__ACTION ITEM__. Pull each line containing "Sale" out of the data and copy it.

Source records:
▶
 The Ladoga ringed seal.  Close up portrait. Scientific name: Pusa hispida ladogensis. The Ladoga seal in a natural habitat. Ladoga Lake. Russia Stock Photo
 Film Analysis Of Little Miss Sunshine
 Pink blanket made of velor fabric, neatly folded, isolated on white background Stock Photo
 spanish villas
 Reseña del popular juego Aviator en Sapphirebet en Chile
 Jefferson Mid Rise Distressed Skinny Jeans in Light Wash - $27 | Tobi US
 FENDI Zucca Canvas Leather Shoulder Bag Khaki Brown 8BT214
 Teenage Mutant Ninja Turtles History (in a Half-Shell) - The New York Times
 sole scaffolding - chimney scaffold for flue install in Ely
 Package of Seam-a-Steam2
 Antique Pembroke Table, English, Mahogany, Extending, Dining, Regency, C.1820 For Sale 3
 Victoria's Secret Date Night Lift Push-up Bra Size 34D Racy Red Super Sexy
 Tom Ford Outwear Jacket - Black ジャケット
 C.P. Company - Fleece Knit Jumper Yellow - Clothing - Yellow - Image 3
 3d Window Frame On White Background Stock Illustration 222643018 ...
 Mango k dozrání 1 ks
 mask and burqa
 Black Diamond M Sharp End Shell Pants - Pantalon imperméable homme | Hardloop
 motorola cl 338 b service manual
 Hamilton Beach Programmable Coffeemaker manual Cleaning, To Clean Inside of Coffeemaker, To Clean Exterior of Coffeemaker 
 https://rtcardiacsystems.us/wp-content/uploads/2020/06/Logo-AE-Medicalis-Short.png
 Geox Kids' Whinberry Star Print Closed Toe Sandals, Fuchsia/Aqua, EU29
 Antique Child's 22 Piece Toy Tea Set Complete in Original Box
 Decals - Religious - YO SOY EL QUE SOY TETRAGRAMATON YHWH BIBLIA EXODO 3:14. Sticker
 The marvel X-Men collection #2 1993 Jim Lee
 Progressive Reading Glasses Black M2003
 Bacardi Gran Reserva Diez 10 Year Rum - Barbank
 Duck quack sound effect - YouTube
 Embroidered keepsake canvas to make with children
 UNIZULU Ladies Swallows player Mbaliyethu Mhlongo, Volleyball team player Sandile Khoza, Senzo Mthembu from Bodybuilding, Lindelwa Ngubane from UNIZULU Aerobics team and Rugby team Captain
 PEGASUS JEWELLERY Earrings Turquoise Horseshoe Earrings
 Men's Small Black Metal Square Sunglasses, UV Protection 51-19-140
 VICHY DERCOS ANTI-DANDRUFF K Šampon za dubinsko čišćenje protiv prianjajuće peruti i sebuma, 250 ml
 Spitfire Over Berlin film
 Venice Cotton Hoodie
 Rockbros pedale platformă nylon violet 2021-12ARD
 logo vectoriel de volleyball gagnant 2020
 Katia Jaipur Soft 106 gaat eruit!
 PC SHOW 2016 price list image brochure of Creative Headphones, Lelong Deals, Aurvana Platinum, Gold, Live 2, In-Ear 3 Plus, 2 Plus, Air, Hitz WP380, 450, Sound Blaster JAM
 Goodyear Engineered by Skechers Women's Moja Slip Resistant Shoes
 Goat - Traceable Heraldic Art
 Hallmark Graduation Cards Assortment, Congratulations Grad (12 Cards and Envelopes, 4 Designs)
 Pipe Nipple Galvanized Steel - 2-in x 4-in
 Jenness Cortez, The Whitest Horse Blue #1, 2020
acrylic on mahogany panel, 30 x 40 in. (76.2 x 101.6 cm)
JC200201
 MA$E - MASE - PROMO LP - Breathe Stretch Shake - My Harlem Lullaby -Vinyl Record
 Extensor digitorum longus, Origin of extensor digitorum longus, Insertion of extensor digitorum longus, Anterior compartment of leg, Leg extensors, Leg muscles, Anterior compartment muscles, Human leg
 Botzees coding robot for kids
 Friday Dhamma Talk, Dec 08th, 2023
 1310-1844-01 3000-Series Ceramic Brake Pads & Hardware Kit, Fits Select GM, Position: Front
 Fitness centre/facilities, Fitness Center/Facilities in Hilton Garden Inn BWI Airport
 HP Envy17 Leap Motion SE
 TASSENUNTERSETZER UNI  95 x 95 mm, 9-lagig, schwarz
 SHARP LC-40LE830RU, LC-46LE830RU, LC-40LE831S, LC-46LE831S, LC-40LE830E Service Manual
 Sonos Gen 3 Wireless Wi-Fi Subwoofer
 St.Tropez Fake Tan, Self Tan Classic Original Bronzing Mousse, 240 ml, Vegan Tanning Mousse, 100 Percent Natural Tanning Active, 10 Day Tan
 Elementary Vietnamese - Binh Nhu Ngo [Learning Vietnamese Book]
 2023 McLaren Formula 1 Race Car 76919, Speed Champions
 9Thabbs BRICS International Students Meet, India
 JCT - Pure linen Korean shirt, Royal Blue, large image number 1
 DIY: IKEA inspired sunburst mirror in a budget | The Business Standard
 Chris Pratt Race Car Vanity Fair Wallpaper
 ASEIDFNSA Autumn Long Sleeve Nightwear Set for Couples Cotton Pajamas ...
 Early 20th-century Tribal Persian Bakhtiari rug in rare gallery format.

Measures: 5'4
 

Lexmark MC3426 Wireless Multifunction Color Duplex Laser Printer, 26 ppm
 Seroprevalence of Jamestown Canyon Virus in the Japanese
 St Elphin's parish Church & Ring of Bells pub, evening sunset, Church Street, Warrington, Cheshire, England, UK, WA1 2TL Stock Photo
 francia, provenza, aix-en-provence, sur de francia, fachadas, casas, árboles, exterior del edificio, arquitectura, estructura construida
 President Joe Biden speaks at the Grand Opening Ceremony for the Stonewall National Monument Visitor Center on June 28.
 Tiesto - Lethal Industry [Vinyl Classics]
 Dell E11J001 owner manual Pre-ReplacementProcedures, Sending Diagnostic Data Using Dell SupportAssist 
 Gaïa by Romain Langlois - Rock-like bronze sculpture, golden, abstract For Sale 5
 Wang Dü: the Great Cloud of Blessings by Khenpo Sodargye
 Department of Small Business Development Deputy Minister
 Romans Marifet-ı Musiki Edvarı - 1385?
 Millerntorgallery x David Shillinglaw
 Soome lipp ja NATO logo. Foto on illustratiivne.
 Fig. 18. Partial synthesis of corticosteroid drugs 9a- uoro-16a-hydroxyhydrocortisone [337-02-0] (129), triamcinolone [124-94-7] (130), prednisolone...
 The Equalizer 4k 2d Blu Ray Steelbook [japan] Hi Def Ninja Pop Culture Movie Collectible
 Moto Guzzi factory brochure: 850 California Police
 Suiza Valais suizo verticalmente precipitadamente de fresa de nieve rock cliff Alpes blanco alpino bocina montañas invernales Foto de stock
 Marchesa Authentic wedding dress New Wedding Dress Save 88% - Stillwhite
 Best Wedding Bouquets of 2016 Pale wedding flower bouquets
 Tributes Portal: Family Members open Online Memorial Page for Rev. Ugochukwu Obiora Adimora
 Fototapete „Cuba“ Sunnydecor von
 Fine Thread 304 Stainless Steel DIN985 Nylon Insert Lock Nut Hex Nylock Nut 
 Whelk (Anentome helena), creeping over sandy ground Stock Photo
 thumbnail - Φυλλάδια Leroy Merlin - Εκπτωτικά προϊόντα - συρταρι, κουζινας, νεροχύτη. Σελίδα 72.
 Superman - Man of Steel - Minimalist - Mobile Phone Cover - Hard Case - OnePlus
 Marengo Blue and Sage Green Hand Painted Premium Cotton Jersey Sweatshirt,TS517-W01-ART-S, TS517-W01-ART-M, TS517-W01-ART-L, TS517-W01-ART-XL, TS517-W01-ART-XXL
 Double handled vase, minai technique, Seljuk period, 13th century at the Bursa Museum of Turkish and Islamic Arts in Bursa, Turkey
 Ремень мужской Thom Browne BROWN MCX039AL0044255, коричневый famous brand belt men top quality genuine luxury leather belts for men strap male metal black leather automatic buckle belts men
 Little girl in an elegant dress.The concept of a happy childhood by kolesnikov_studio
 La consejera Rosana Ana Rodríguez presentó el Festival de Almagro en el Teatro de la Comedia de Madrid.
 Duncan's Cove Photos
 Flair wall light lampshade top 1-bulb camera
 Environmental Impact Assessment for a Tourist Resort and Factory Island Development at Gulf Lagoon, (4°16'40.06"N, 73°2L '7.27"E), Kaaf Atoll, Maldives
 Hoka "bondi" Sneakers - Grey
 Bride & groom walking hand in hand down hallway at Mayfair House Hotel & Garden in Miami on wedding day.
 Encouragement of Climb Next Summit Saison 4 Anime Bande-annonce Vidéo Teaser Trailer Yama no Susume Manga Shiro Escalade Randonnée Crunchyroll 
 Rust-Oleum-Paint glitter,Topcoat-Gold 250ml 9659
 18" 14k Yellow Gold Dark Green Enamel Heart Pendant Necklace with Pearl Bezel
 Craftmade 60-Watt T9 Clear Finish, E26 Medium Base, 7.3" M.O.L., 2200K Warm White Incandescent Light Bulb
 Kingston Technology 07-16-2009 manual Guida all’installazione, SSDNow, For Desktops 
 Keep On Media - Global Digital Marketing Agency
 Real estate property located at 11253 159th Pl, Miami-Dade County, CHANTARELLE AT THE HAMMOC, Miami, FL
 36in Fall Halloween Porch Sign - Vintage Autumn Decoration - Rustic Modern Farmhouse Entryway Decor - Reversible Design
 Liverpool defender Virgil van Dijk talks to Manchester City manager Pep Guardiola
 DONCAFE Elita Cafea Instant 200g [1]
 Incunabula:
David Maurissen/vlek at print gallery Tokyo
◀
__OUTPUT BELOW__.
 Antique Pembroke Table, English, Mahogany, Extending, Dining, Regency, C.1820 For Sale 3
 Gaïa by Romain Langlois - Rock-like bronze sculpture, golden, abstract For Sale 5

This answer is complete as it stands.